夏物語 第一部

お母さんが生まれてきたんは、おかあさんの責任じゃない 

巻子と緑子とやってきたさびれた中華料理屋でスナック時代の知り合いの思い出に目が熱くなるわたし。テレビの雑音に、三人の咀嚼の音、水を飲む音、食器を打つ音などが混じって賑やかな感じになった――。芥川賞受賞作『乳と卵』の登場人物たちが、あらたに織りなす大長編『夏物語』、絶賛発売中! この物語には、人が生まれて生きて、そしていなくなることの、すべてがある。(平日毎日更新)


PHOTO:SHINTO TAKESHI

第19回 お母さんが生まれてきたんは、おかあさんの責任じゃない

 巻子は料理をもってきたおばさんに大阪から来ましたんやと話しかけ、おばさんもそれにつきあって大阪にどこどこあるでしょ、なんて言って答えてくれて話は弾み、緑子もさっきは手をつけていなかった餃子をとり、口を大きく動かしている。これおいしい、そっちもいける、などとわたしと巻子は言いあって、巻子もビールのお代わりを頼んだ。
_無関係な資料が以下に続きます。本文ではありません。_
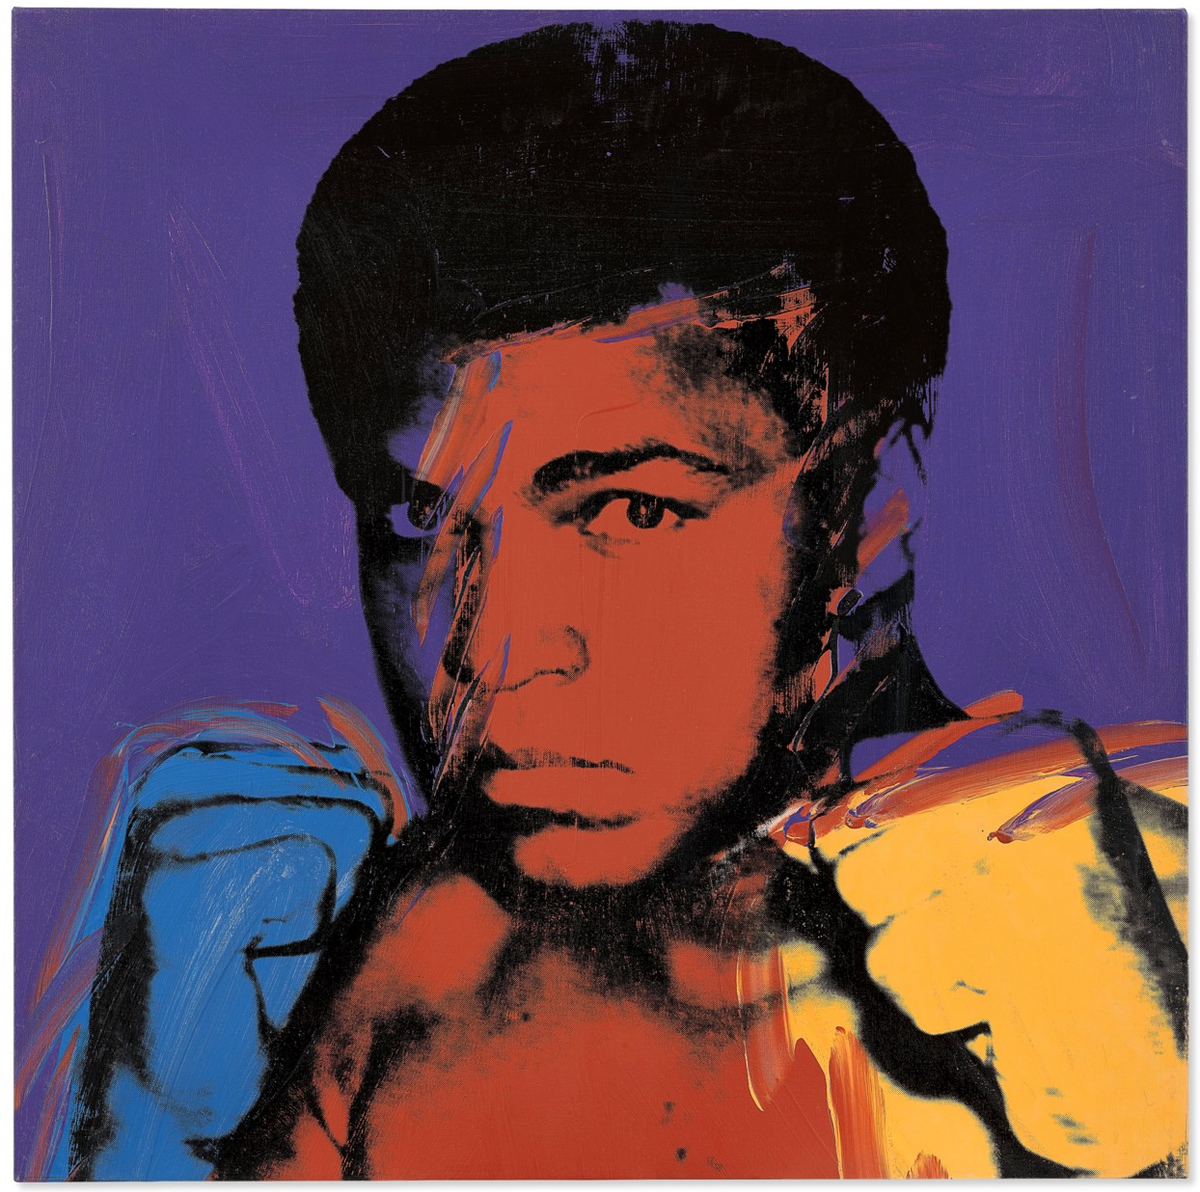 Andy Warhol, Muhammad Ali (1977) sold for $18.1m © Christie's Images Ltd. 2021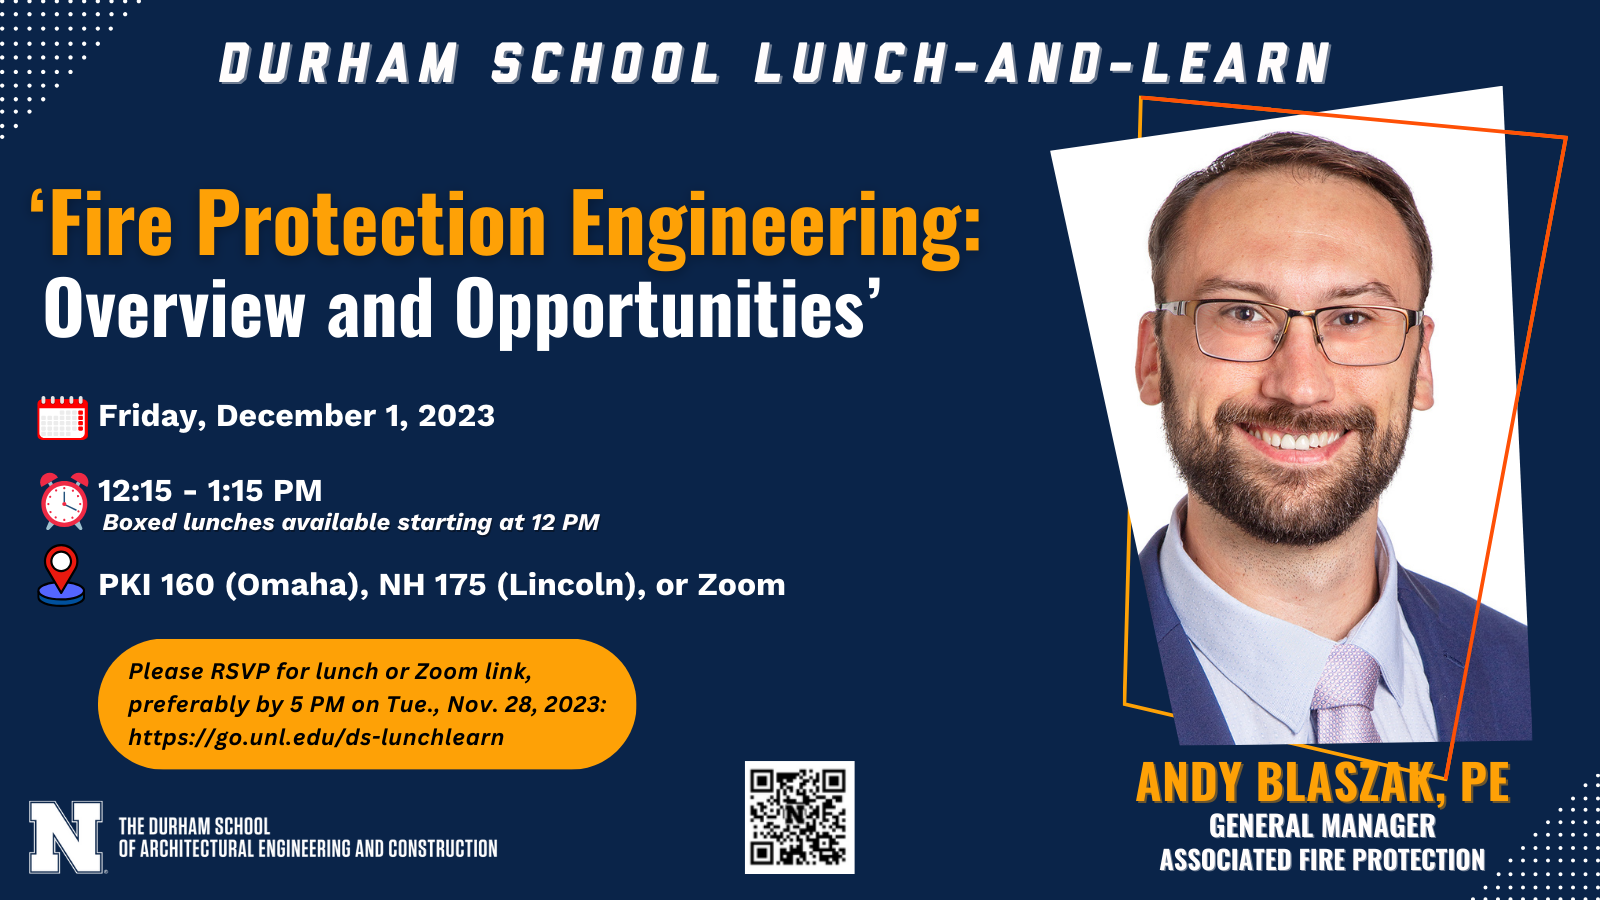 Andy Blaszak will speak at Friday's Durham School Lunc-and-Learn session.

 わたしの冗談に緑子が少しだけ笑ったので、なあ、巻ちゃんが仕事行ってるときいっつも何してん、と話しかけてみると、緑子はポーチから小ノートをとりだして、〈宿題、テレビみて、ねたら朝〉と書いた。そっか、まあ、巻ちゃんが家でるんて六時過ぎで帰ってくるんが一時くらいやから、ま、あっというまやな、とつづけると、緑子は肯き、小さくちぎった中華まんじゅうのきれはしを口に入れた。

 巻子はおばさんと意気投合し、ここめっさええなあ、気にいったわあ、と上機嫌に言ったあと、大きく咳払いをして、わたしたちのほうを見た。そして、「あたしな、帰ったらいちばんにすることがあります」と、どこか得意げな様子で言った。

「いちばんにすること。なんやと思う?」

「靴脱ぐんちゃうの」

「ちゃいます」巻子は呆れたように首をふって、それから妙に明るい口調で言った。「それは、寝てるこの子の顔みるねんよ」

 緑子は反射的に怪訝な表情になり、巻子の顔をちらっと見た。それから新しい中華まんじゅうをひとつ手にとって、白い膨らみの真んなかあたりに両方の親指をあててめくるように割り、しばらく中身を見つめていた。具の出かかったところに醤油をつけ、それからそれを半分に割り、少し間を置いてそれをさらに半分にし、またそれにも醤油をつけて、黒くなったところをじっと見た。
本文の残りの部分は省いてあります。